# [About this exercise]
Reproduce each line below precisely. Drop the pictures.

# [Data segment]
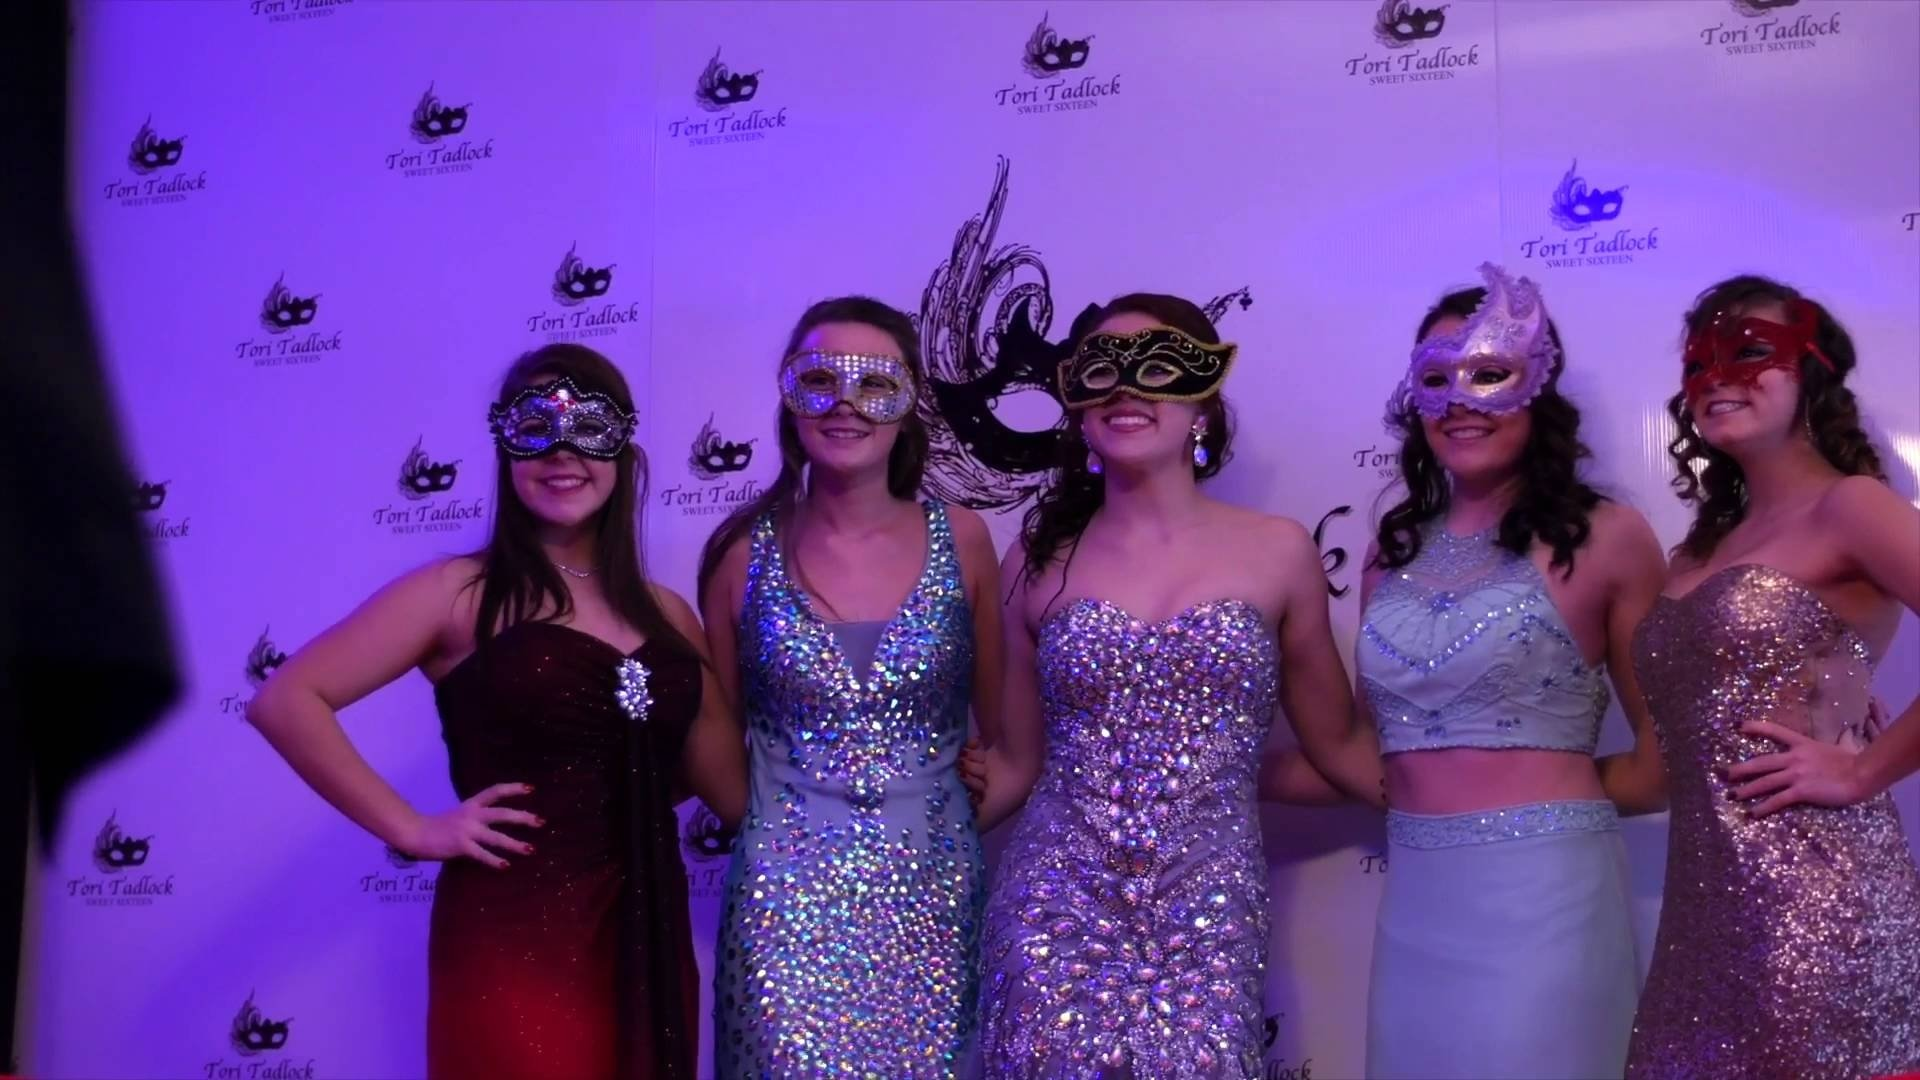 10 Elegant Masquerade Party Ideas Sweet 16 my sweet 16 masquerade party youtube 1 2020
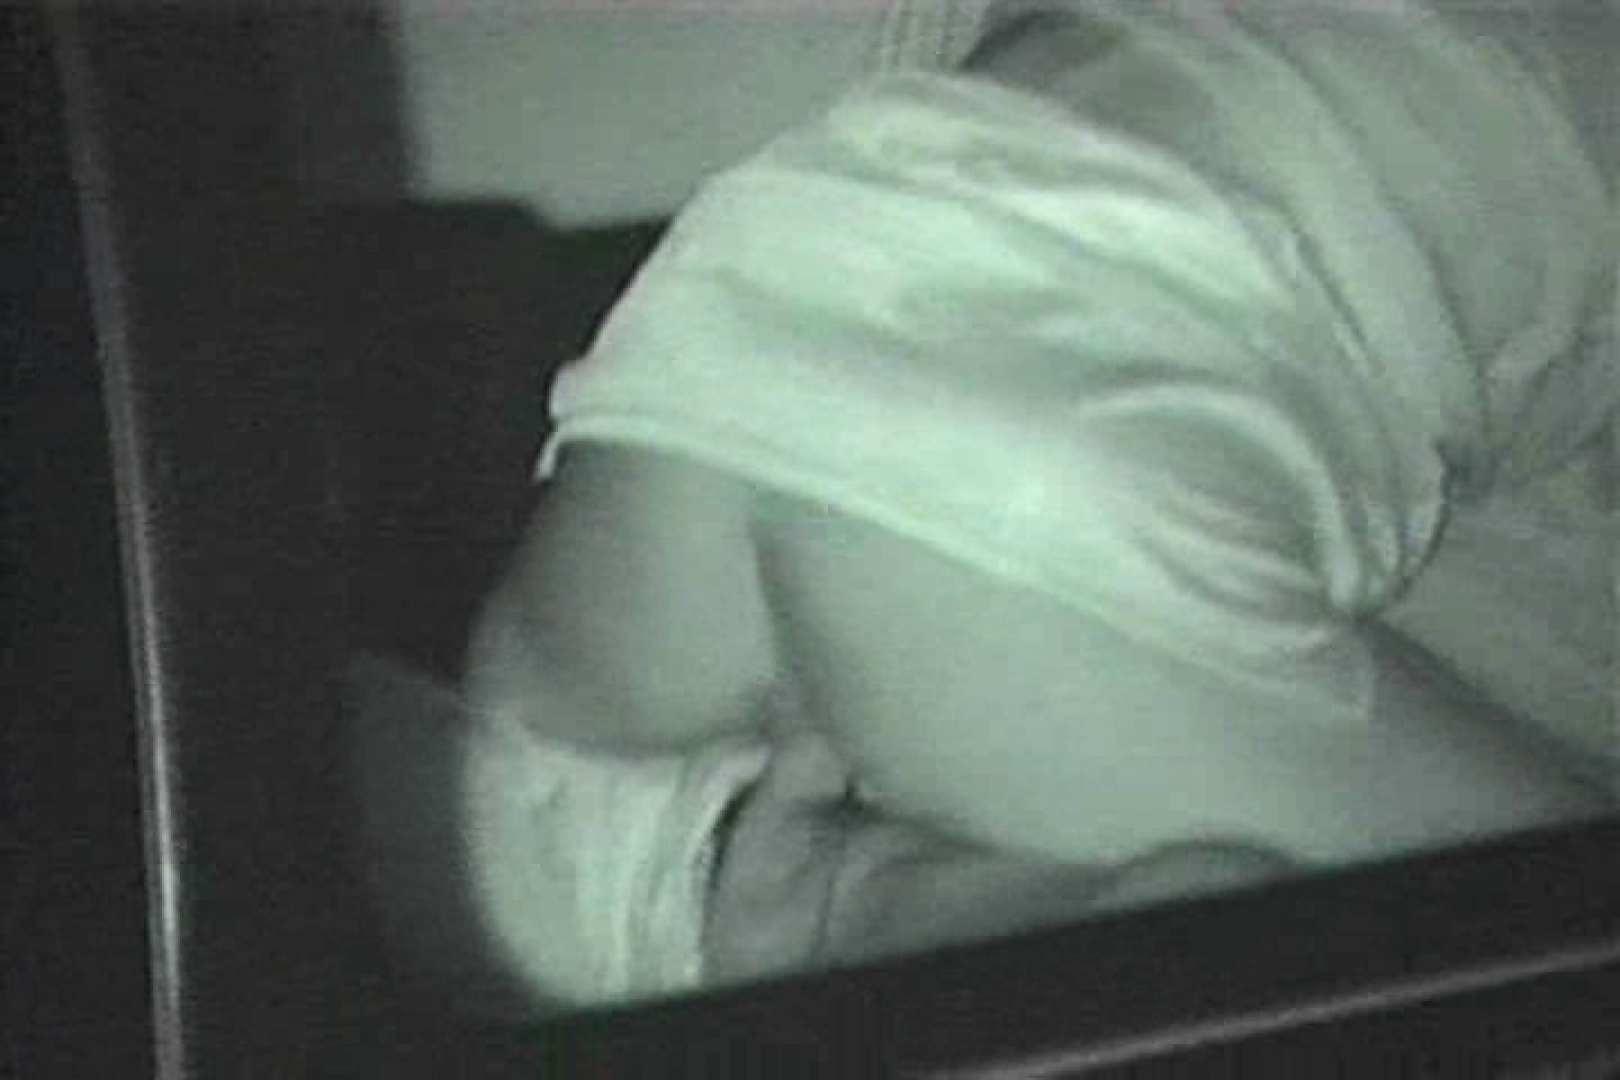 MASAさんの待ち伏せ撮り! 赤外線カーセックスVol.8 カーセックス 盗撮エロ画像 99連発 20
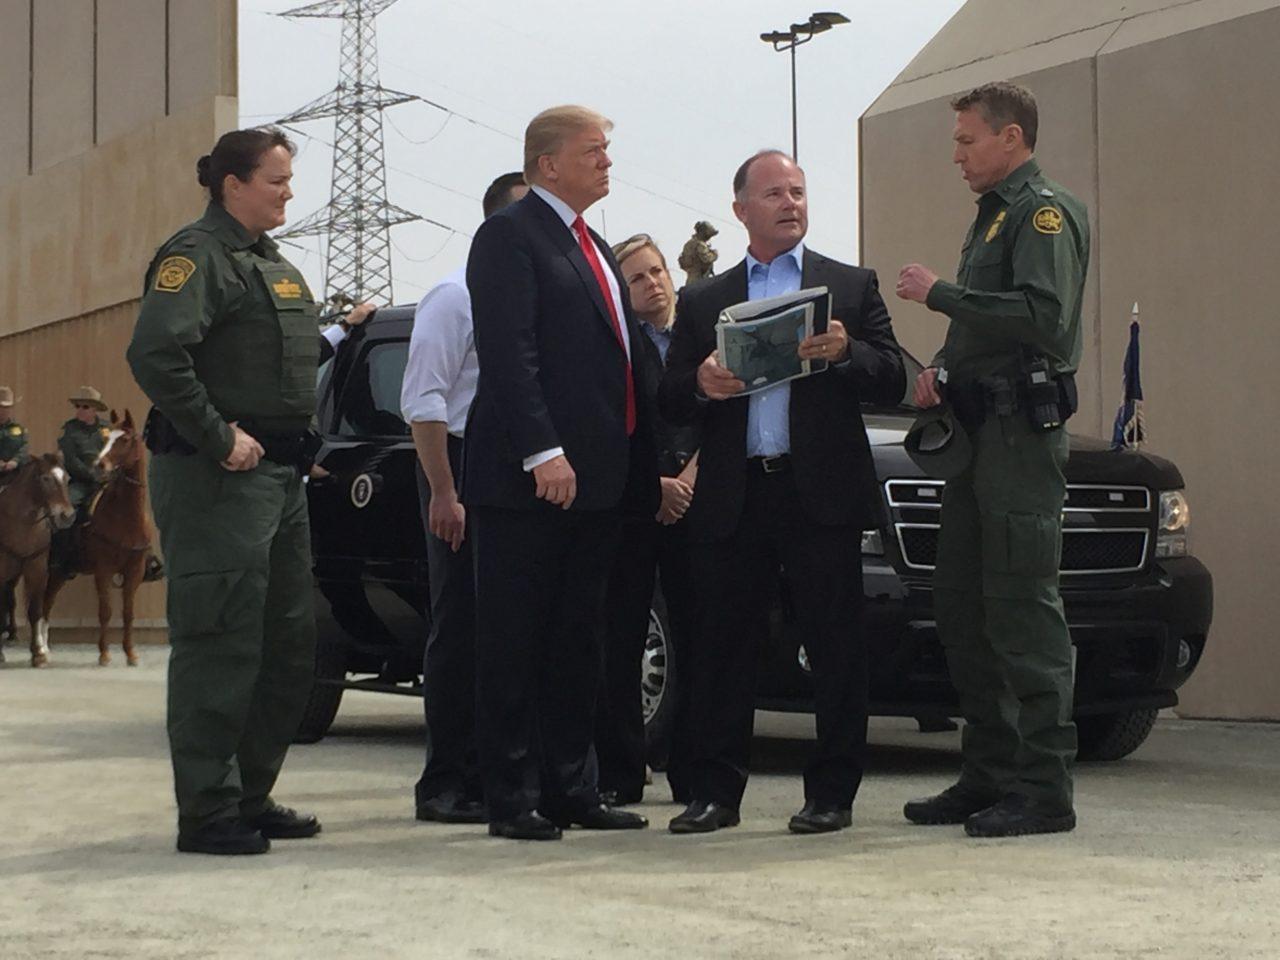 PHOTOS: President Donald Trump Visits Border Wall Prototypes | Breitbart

# [The answer]
 10 Elegant Masquerade Party Ideas Sweet 16 my sweet 16 masquerade party youtube 1 2020
 MASAさんの待ち伏せ撮り! 赤外線カーセックスVol.8 カーセックス 盗撮エロ画像 99連発 20
 PHOTOS: President Donald Trump Visits Border Wall Prototypes | Breitbart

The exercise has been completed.